Prawo i Sprawiedliwość poczeka z realizacją obietnic. Bo to im się najbardziej opłaca

0
Podziel się:

Prawo i Sprawiedliwość stworzyło polityczne perpetuum mobile? Na to wygląda. Propozycje gospodarcze PiS można najwcześniej w pełni zrealizować dopiero przed kolejnymi wyborami samorządowymi w 2018 roku.

Prawo i Sprawiedliwość poczeka z realizacją obietnic. Bo to im się najbardziej opłaca
(Stefan Maszewski/REPORTER)

Po wypowiedziach przyszłego ministra finansów widać, że zanim Prawo i Sprawiedliwość zrealizuje sztandarowe propozycje, najpierw sięgnie po pieniądze banków i hipermarketów. Realia gospodarcze i polityczne mogą jednak sprawić, że będzie to za... trzy lata, czyli przed kolejnymi wyborami - analizuje Mateusz Ratajczak, dziennikarz money.pl.

Skąd pewność, że PiS nie rzuci się od pierwszego dnia pracy na spełnianie wyborczych obietnic? Sugeruje to już wybór Pawła Szałamachy na ministra finansów. Z pobieżnej analizy wypowiedzi przyszłego szefa resortu finansów wynika, że nie dopuści do nadmiernego zadłużania się państwa. A rozdawanie pieniędzy obywatelom zacznie od zebrania kasy w budżecie. Warto przypomnieć, że swoją przygodę z polityką Szałamacha zaczynał u boku Janusza Korwina-Mikkego w Unii Polityki Realnej. Chociaż ze skrajnie liberalnych poglądów niewiele zostało, to z pewnością Szałamacha wciąż nie wierzy w "elastyczny budżet". Tematyka odpowiedniego budżetowania była również jednym z głównych tematów studiów na Harvardzie, na które Szałamacha wyjechał w ubiegłym roku.

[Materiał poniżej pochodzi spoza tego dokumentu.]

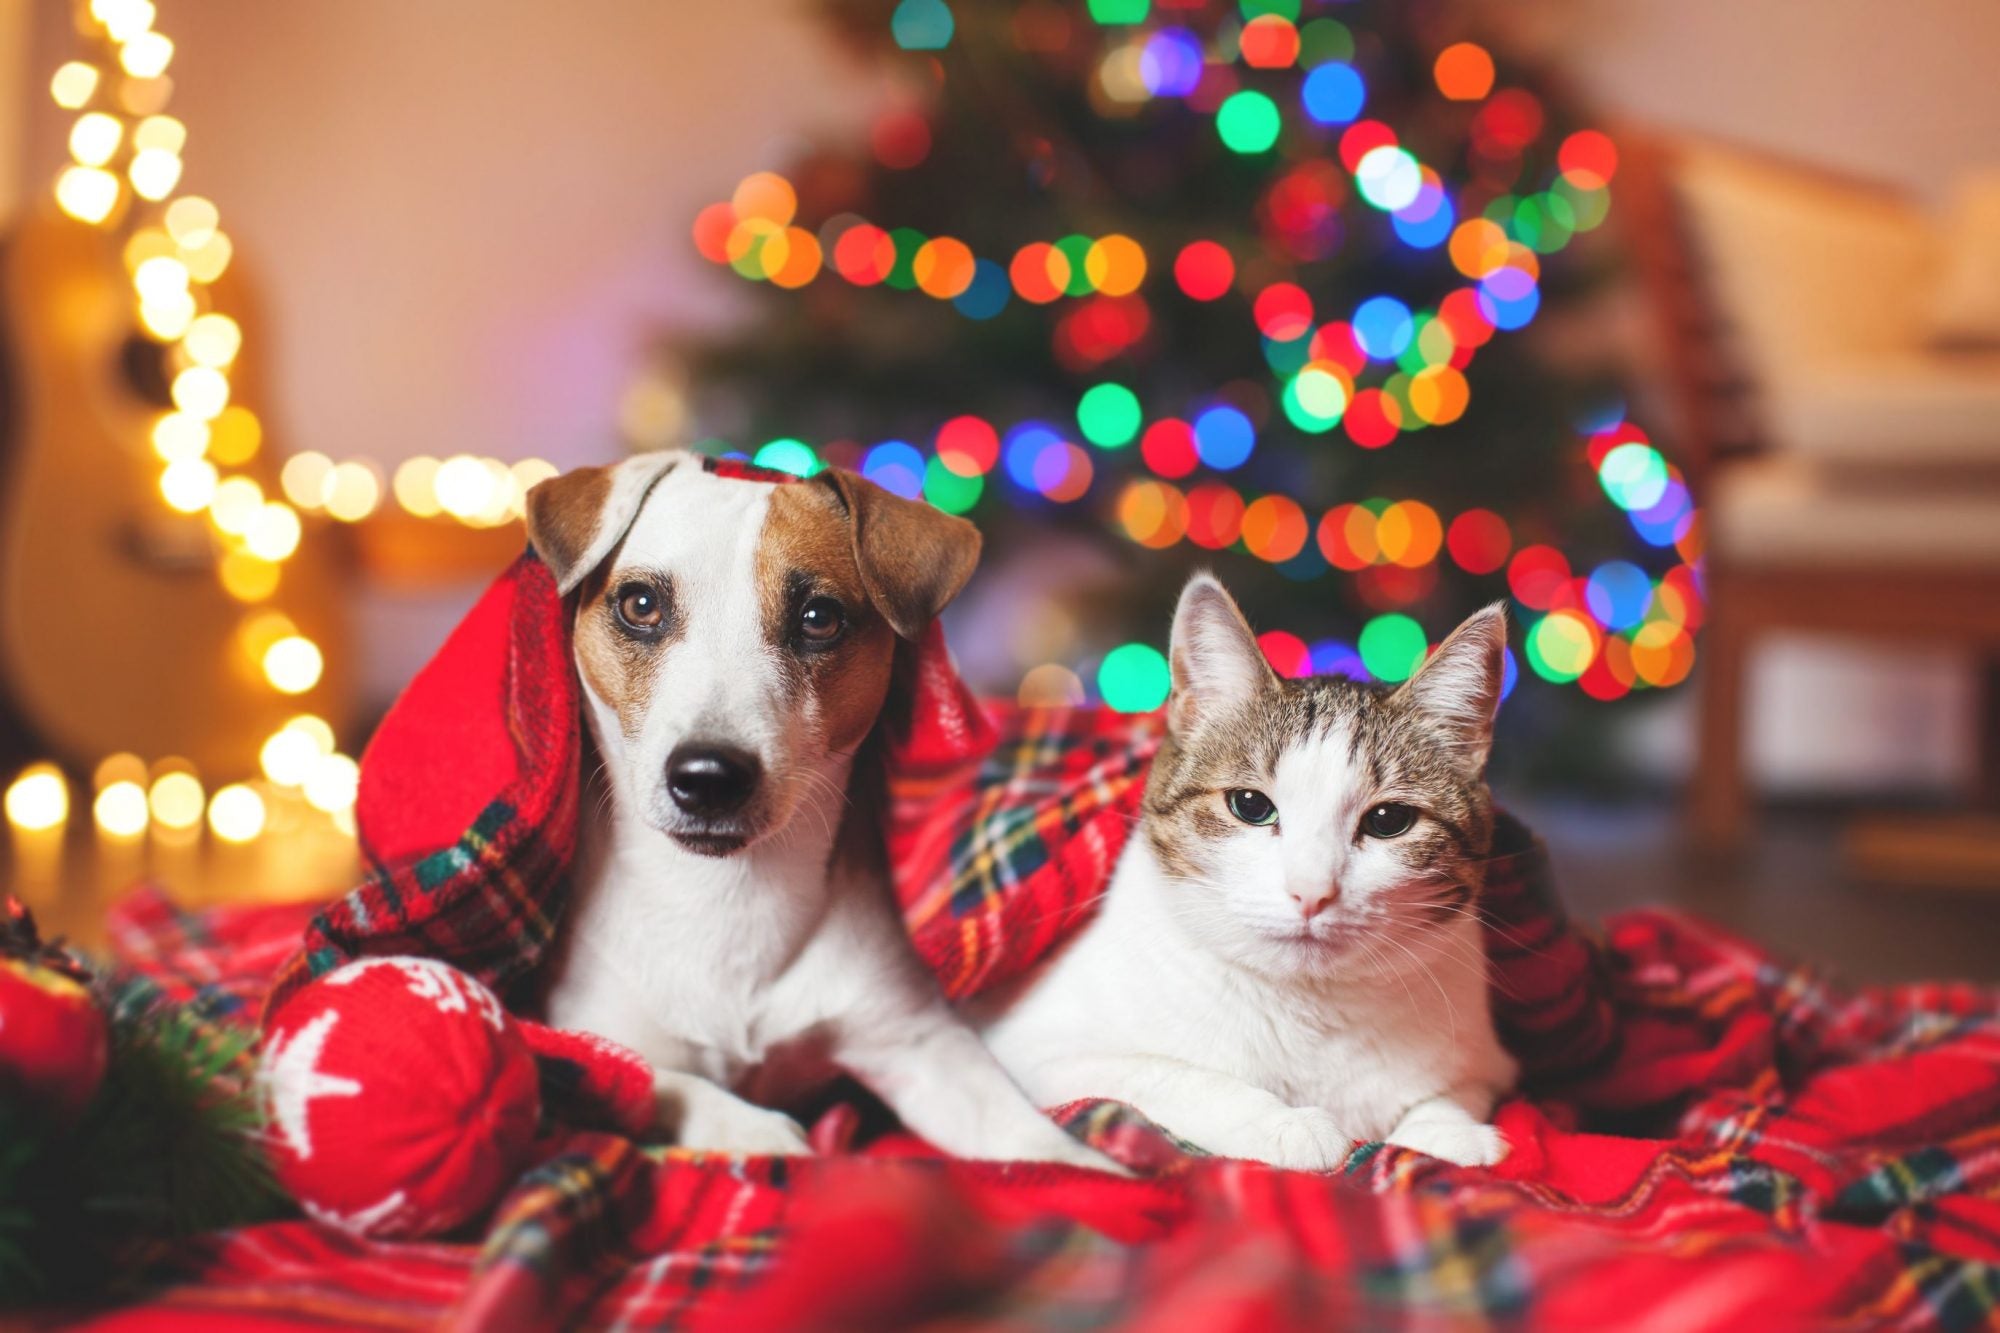 Sizzle Up the Holidays: Why Rava Life's Bacon-Flavored CBD Oil is a Treat for Your Pet

- Z dotychczasowych zapowiedzi pana Szałamachy można wyciągnąć wniosek, że nie jest on zwolennikiem nieograniczonego zwiększania deficytu. A to byłoby konieczne, by szybko spełniać wszystkie obietnice wyborcze. Widać, że zdaje sobie sprawę, jak niedaleko mamy do powrotu do procedury nadmiernego deficytu, co nie jest dla gospodarki dobrą sprawą - mówi money.pl dr hab. Stanisław Gomułka, były wiceminister finansów.

Szybkim zmianom nie sprzyja też kalendarz. Początek formowania rządu, koniec roku - to nie jest dobry moment na rewolucyjne zmiany. Zresztą politolodzy nie mają wątpliwości, że czasami warto poczekać z realizacją obietnic. - Dawkowanie reform jest jedną z koncepcji zarządzania ryzykiem politycznym i w moim przekonaniu to słuszna droga. Bardzo często mówi się, że te najbardziej bolesne reformy warto wprowadzać mniej więcej w połowie kadencji. Cześć wyborców zawsze daje rządzącym pewien czas na realizację postulatów, a druga część już z marszu czuje się rozczarowana - to normalna sprawa. Istotą rządzenia jest odpowiednie "podrzucanie" reform i jednym, i drugim - tłumaczy dr hab. Ewa Marciniak z Instytutu Nauk Politycznych Uniwersytetu Warszawskiego.

Kolejnym problemem jest to, że niektóre propozycje po prostu nie mogą wejść w jednym czasie. To oznacza, że rząd będzie musiał albo postawić na napędzanie gospodarki, albo na kwestie socjalne. - Znaczne zwiększenie wydatków socjalnych ograniczy w sposób oczywisty możliwość finansowania inwestycji. Trzeba wybrać jedno albo drugie - tłumaczy Jeremi Mordasewicz z Konfederacji Lewiatan.

Gdzie i kiedy pieniądze zacznie zbierać minister?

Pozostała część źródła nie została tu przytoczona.